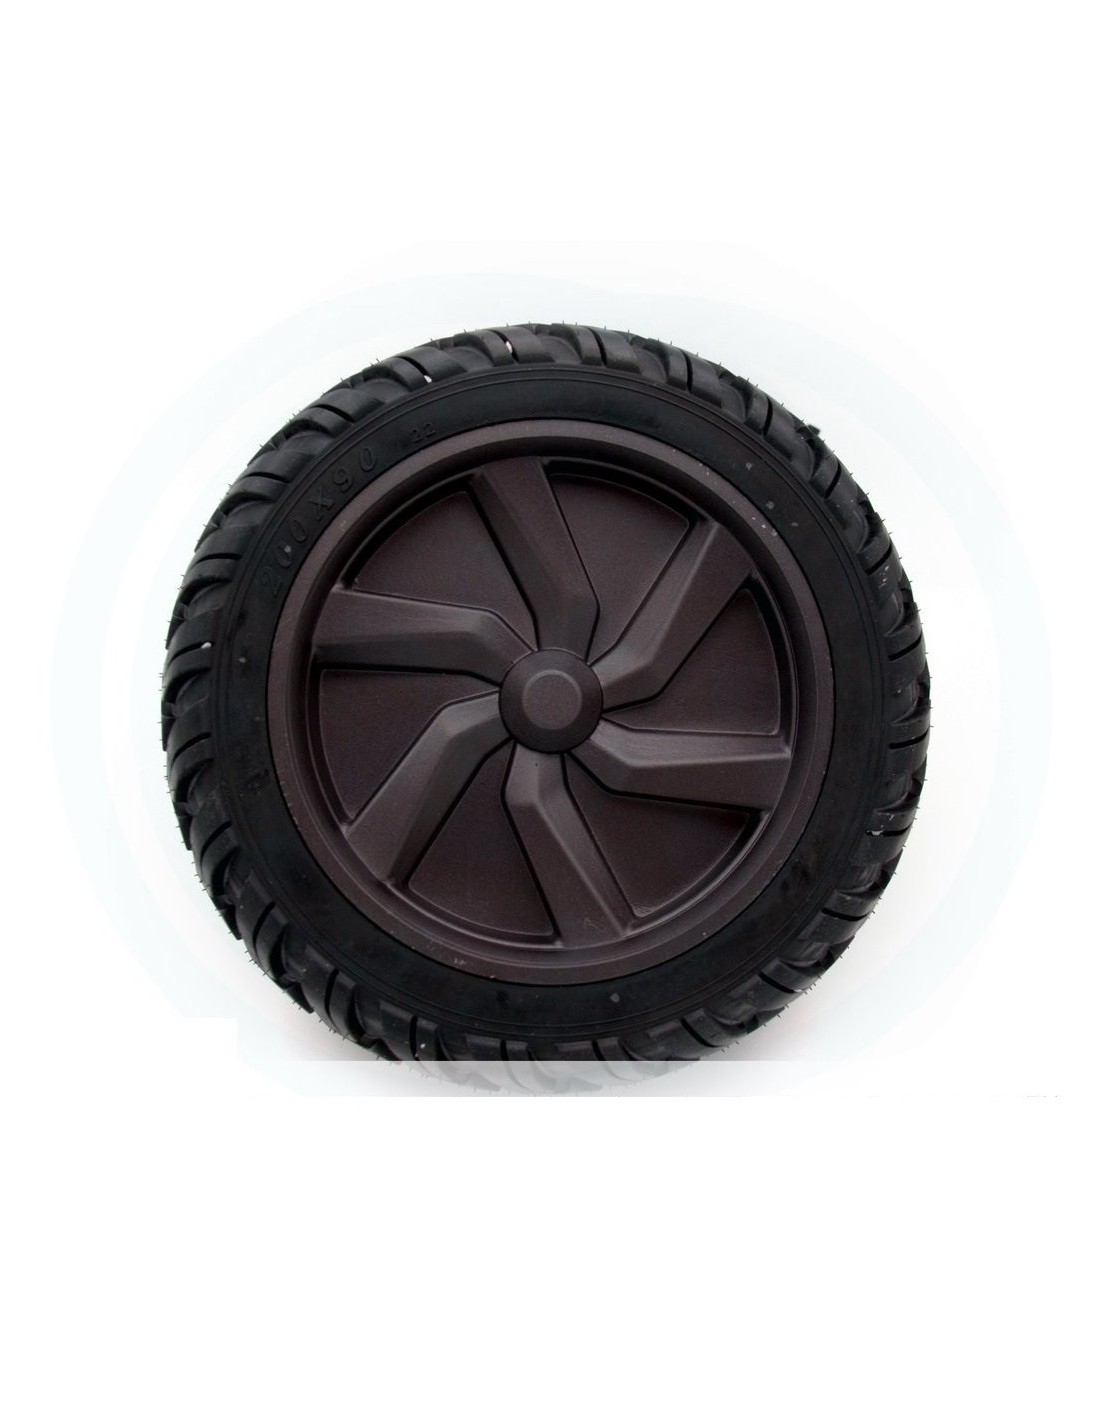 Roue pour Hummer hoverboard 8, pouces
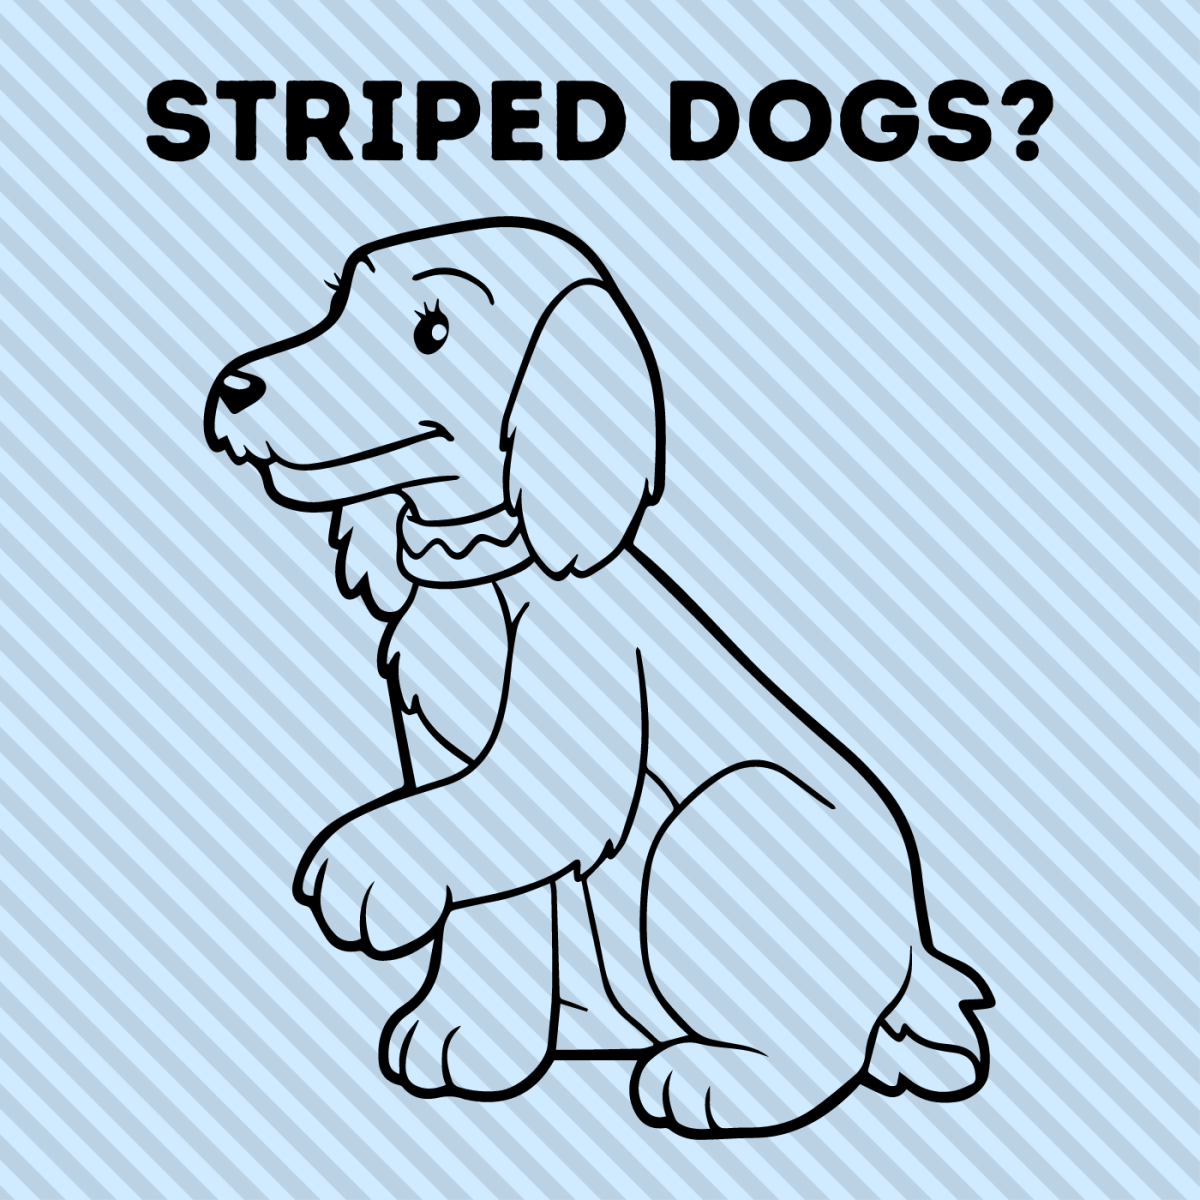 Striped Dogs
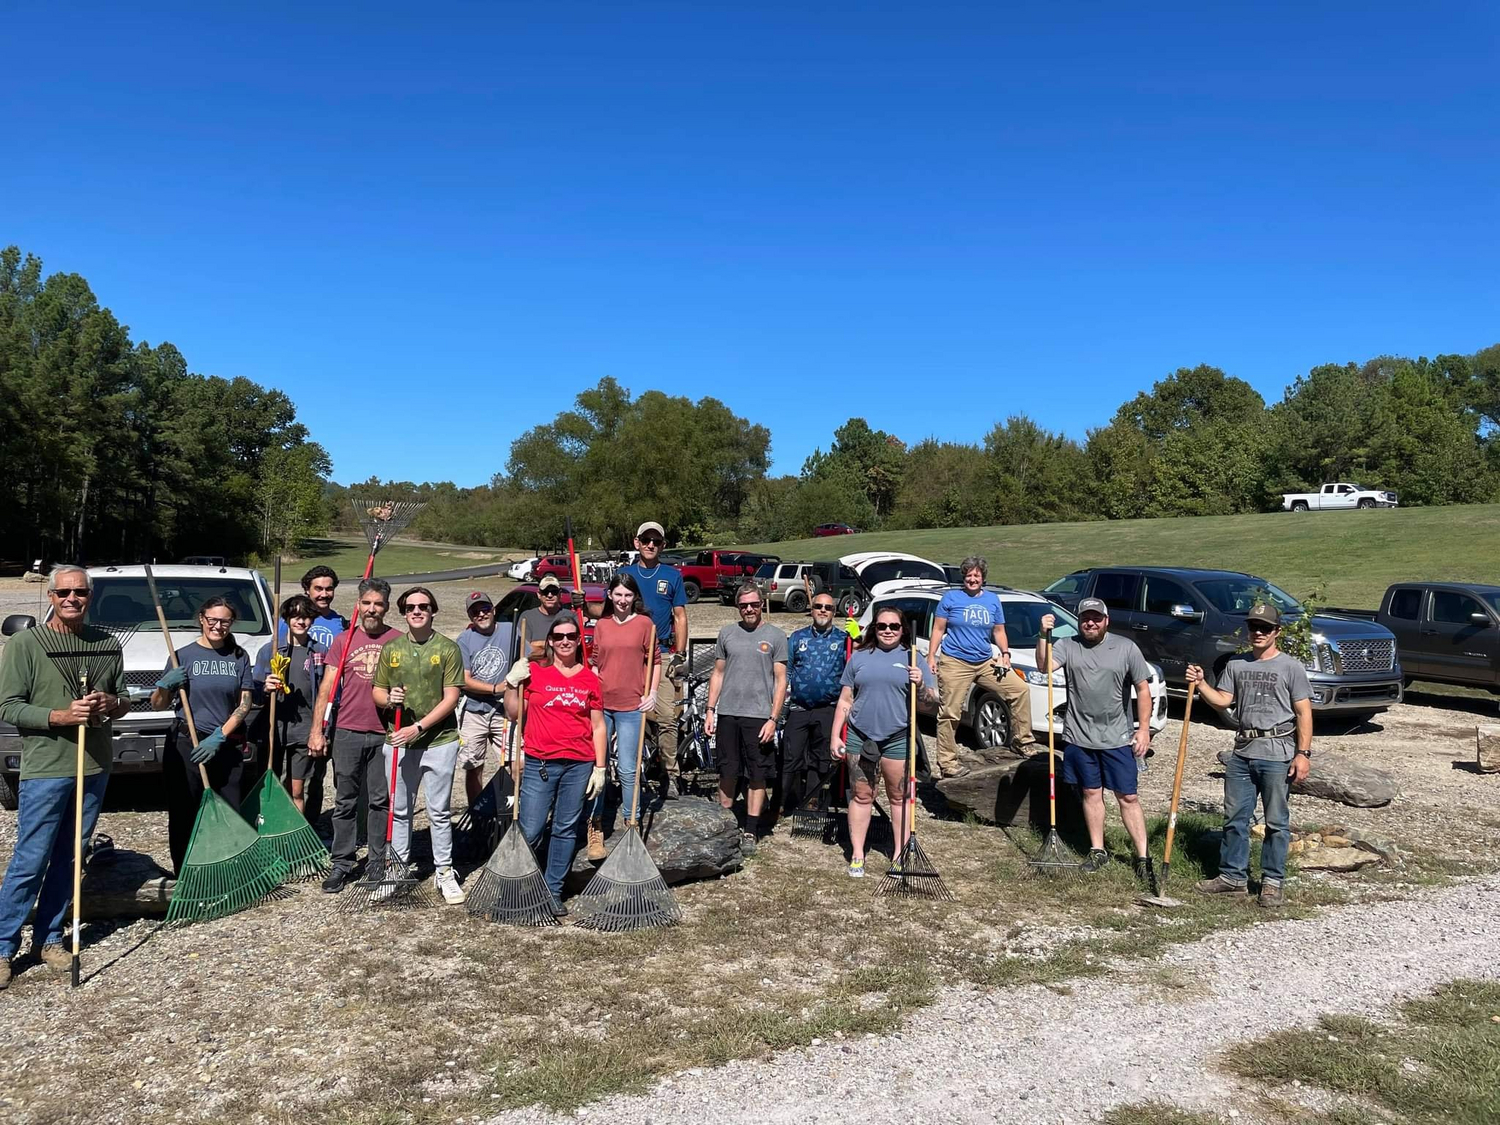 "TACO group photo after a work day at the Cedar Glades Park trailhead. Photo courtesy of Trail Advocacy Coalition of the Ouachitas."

————————

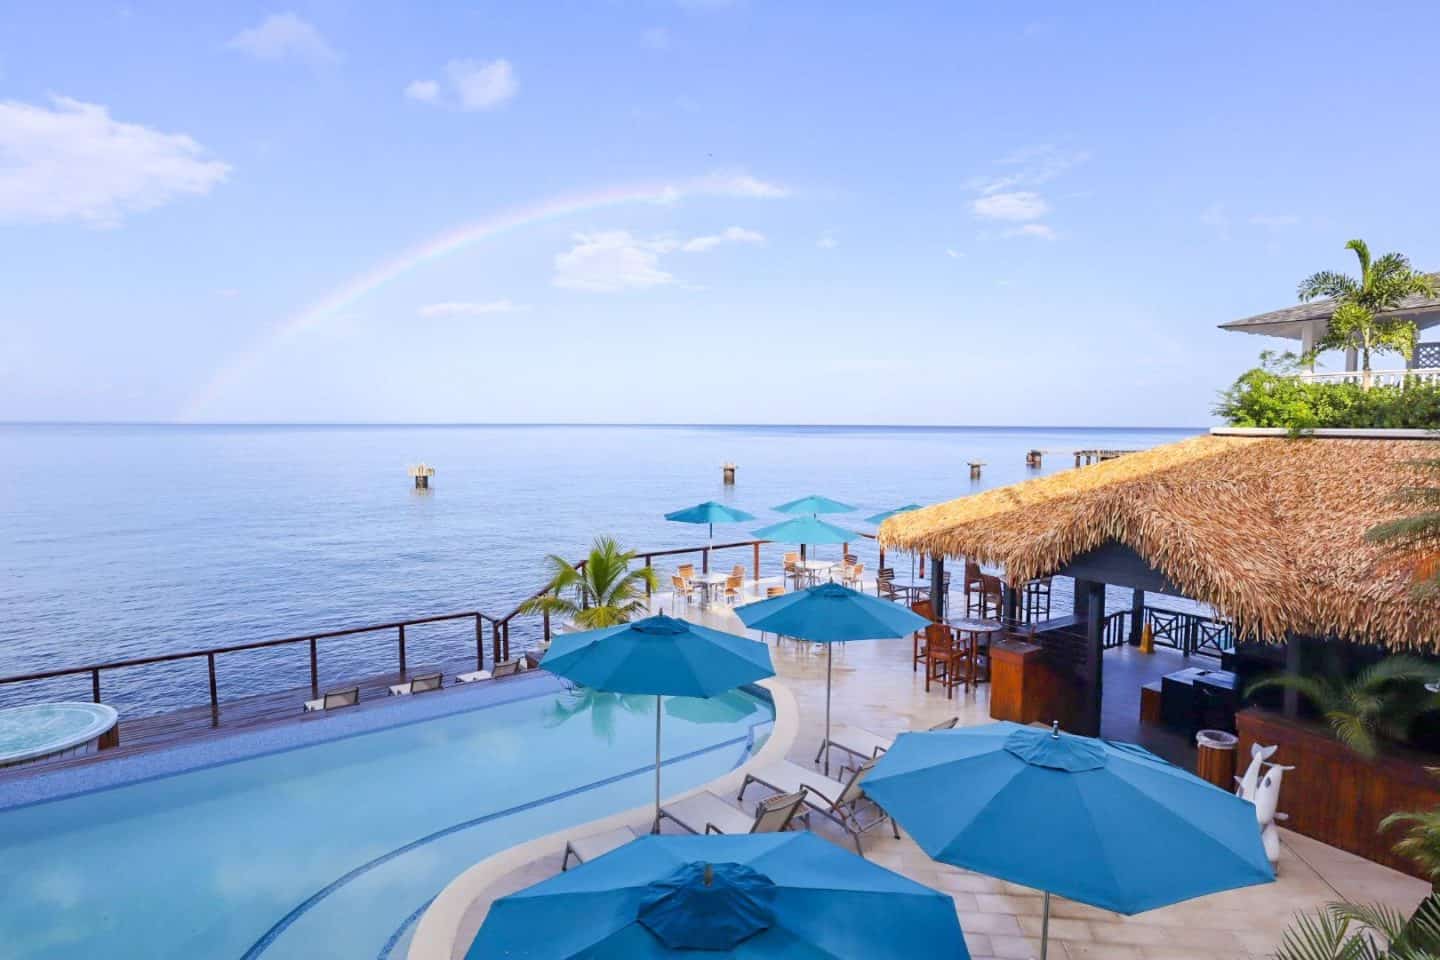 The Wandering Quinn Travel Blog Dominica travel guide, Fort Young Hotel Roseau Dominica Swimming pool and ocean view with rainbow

————————

» **What to work on**
Among the entries above, take the lines from the one with "Striped Dogs" through the one with "group photo after" and retype them exactly, leaving out the pictures.

» **Final answer**
 Striped Dogs
 "TACO group photo after a work day at the Cedar Glades Park trailhead. Photo courtesy of Trail Advocacy Coalition of the Ouachitas."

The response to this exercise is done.